Start of Supplied entries
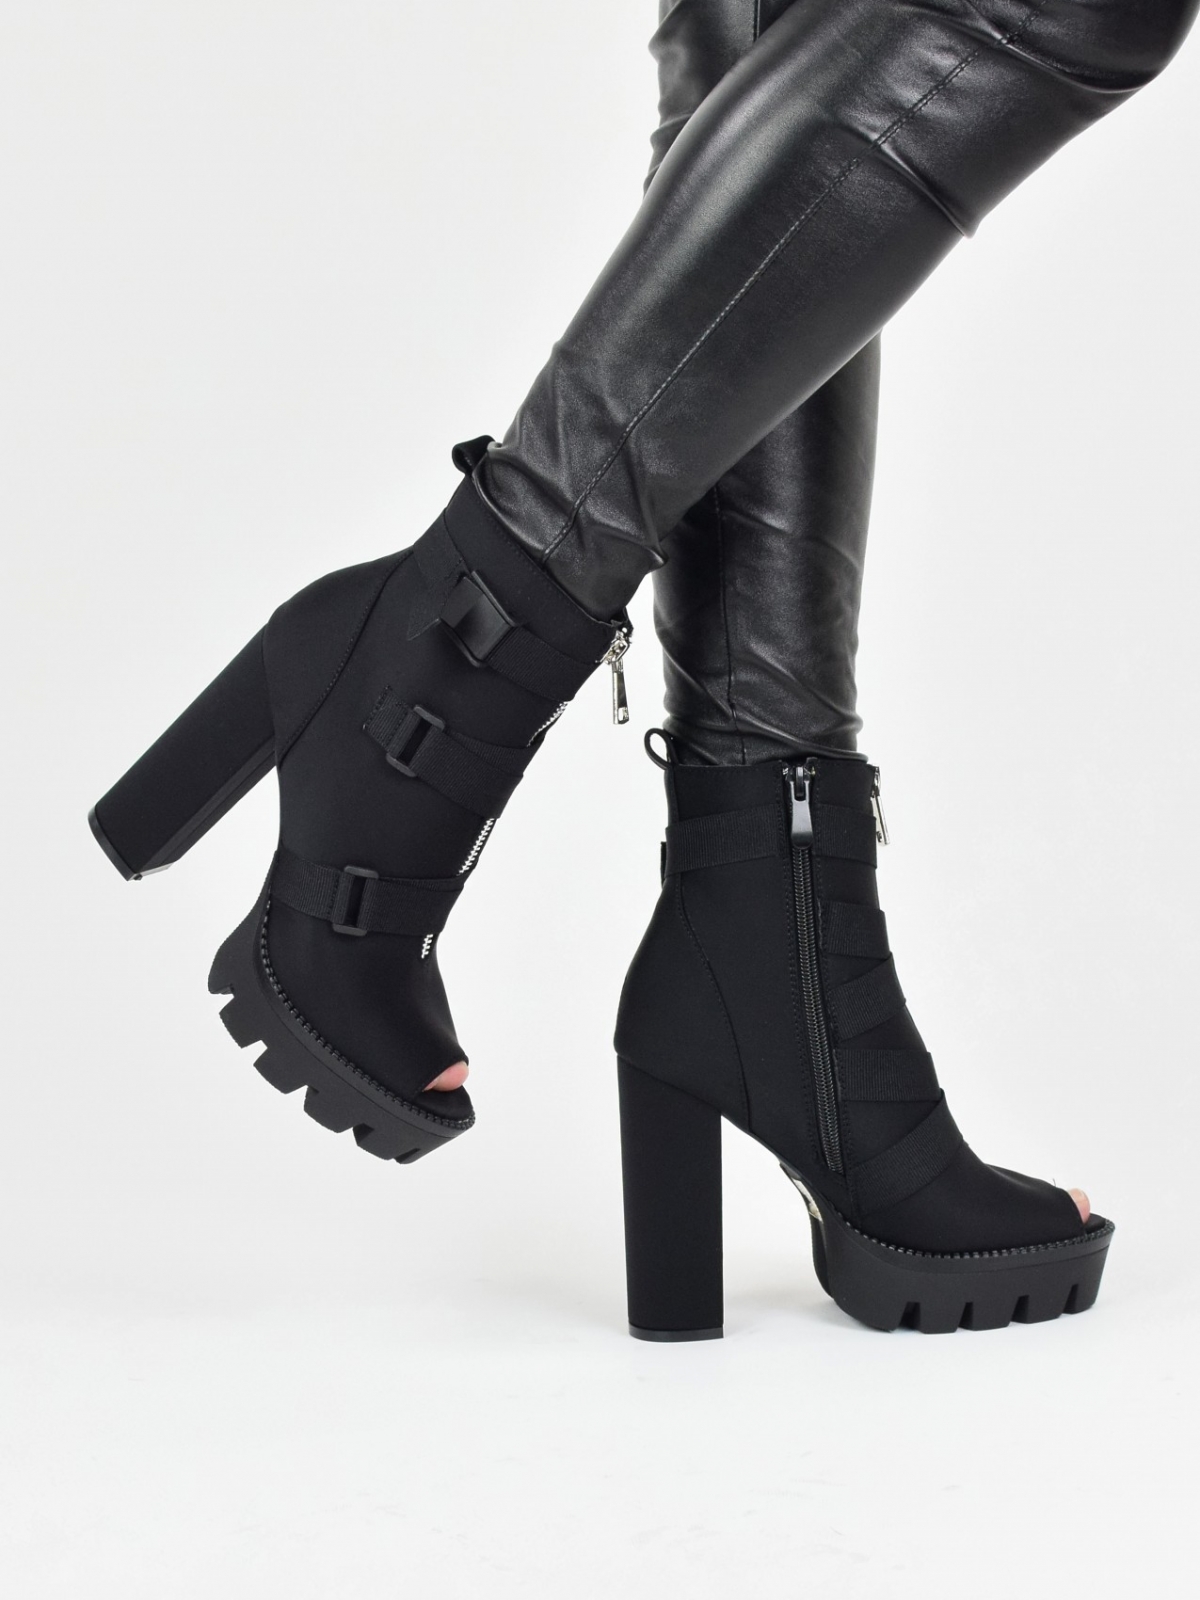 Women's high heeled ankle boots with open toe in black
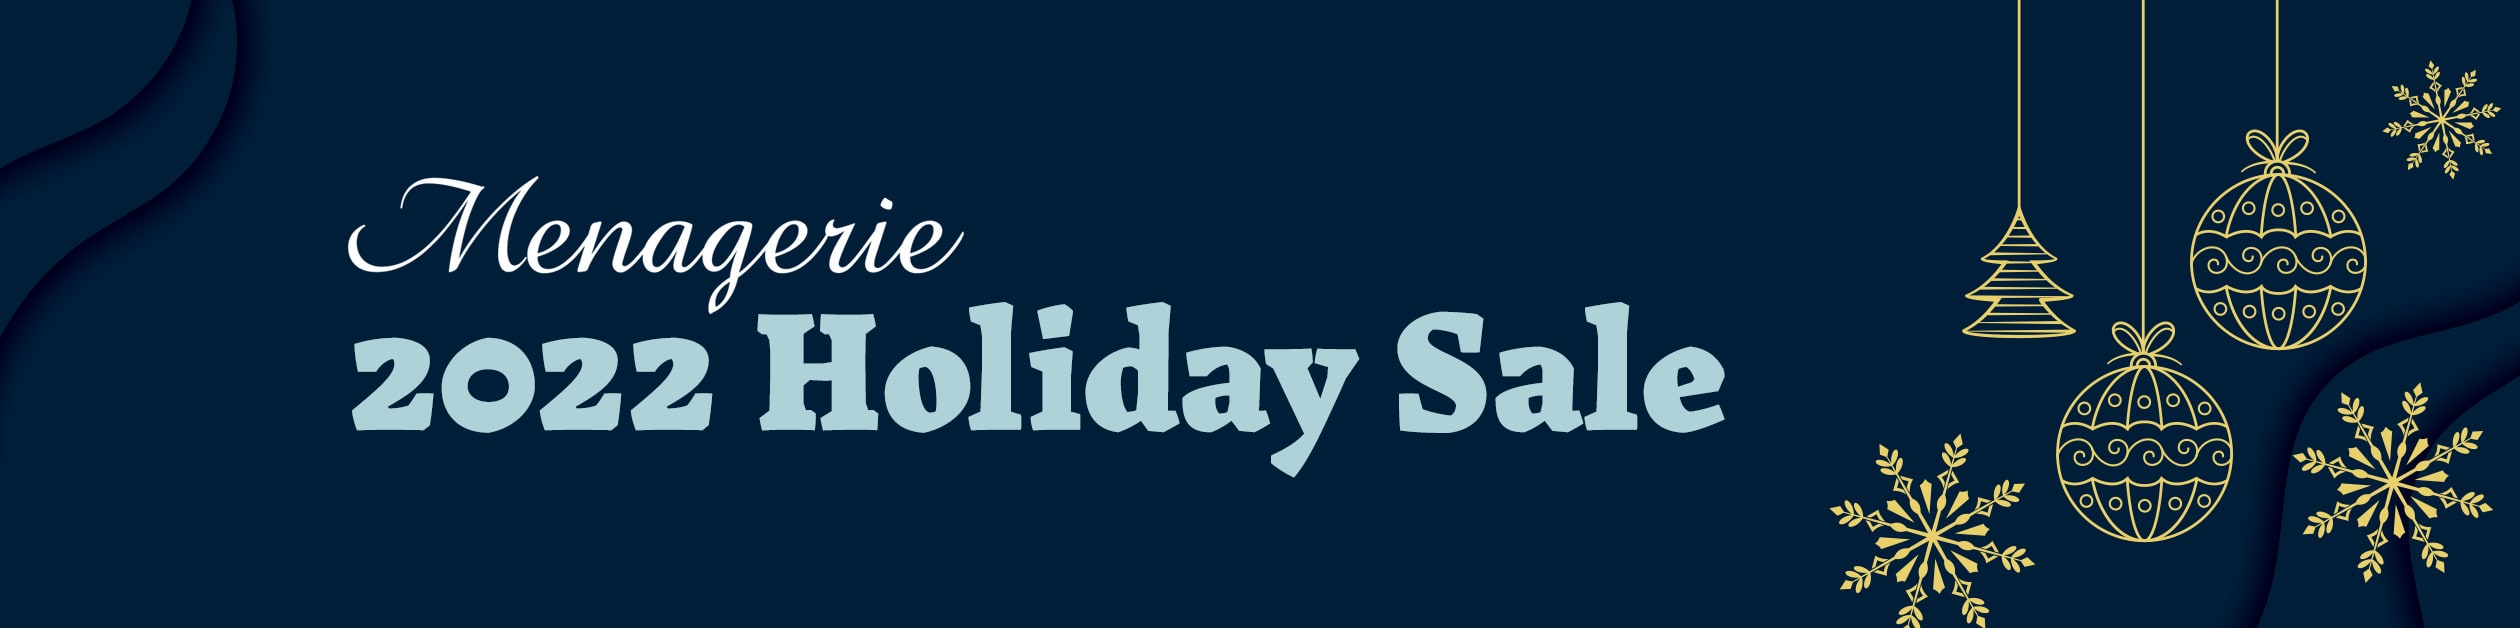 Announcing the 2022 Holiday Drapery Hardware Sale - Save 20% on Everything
End of Supplied entries
Start of Supplied entries
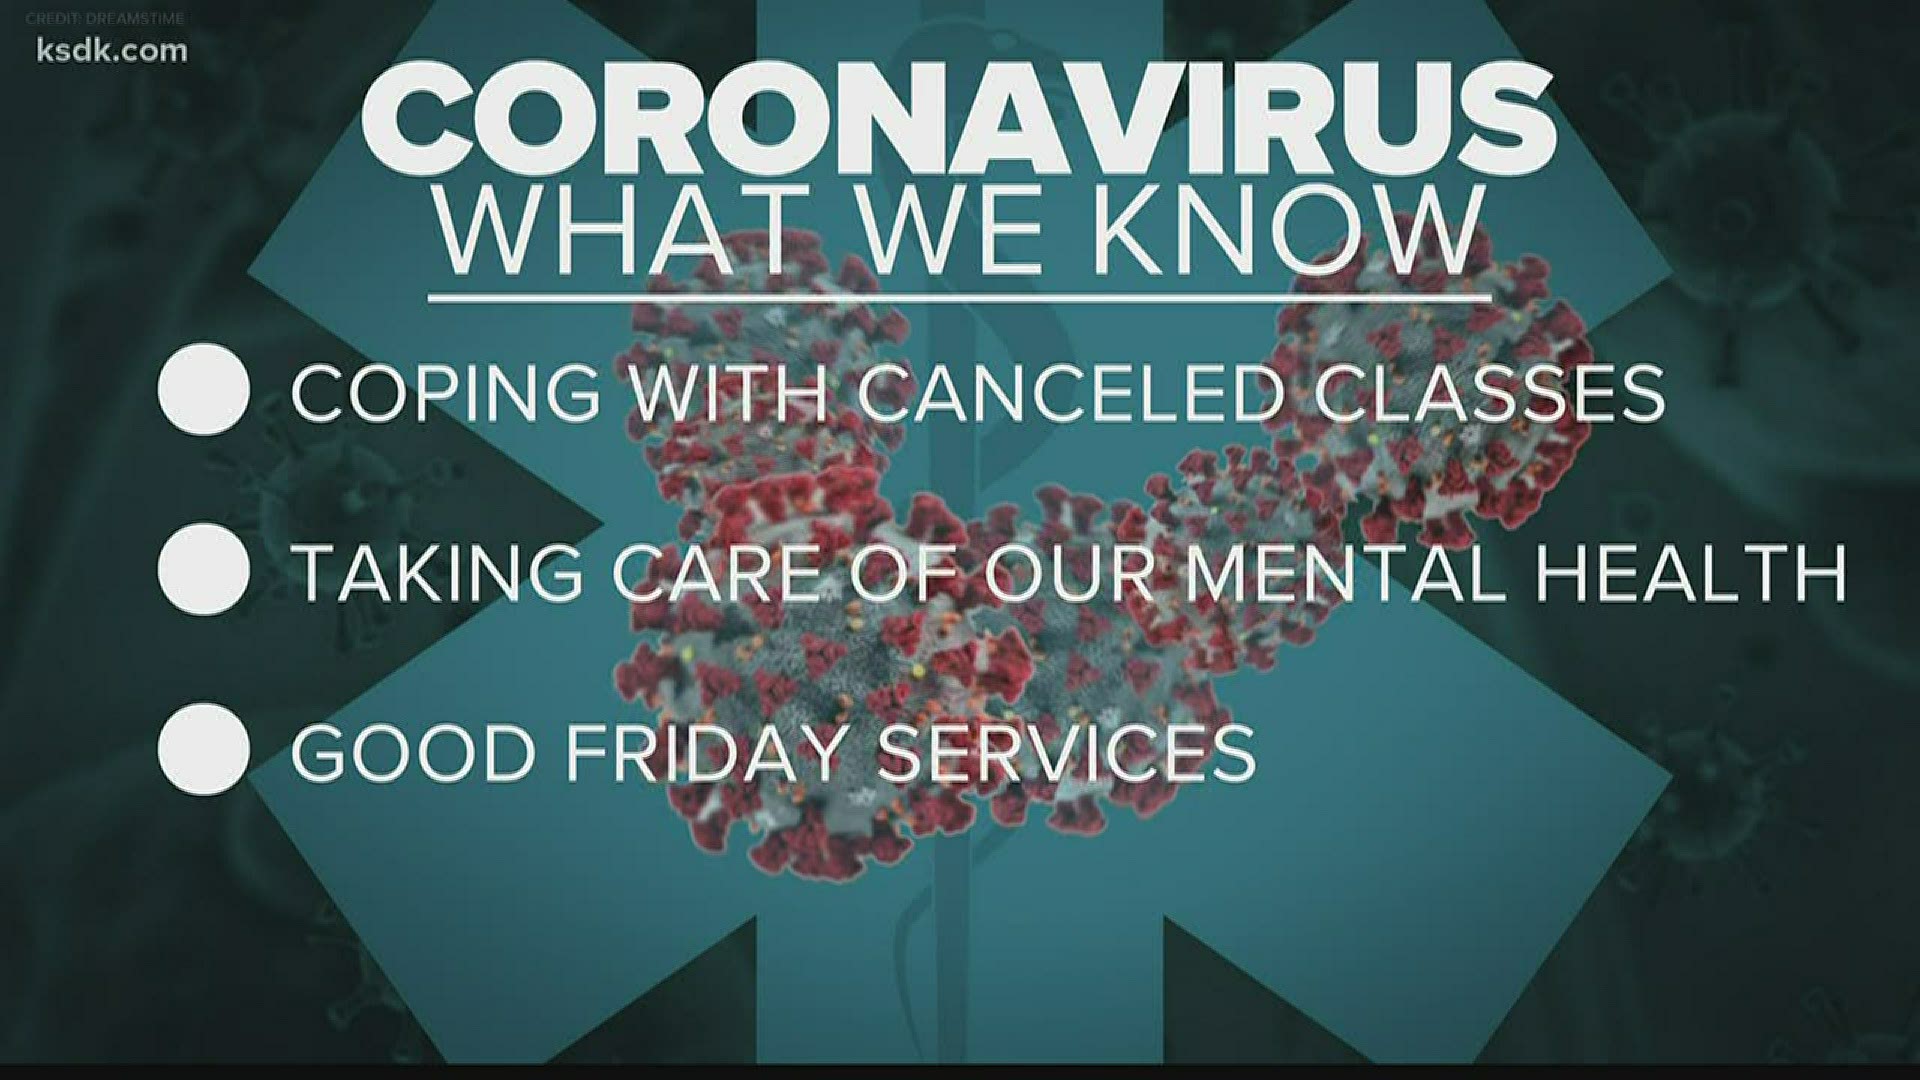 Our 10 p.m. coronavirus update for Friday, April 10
End of Supplied entries
◆ Action item ◆
Look above for the line with "Women's high heeled" and the line with "Announcing the 2022", then restate exactly those two lines and all lines between them, with no pictures.

◆ Response to this task ◆
 Women's high heeled ankle boots with open toe in black
 Announcing the 2022 Holiday Drapery Hardware Sale - Save 20% on Everything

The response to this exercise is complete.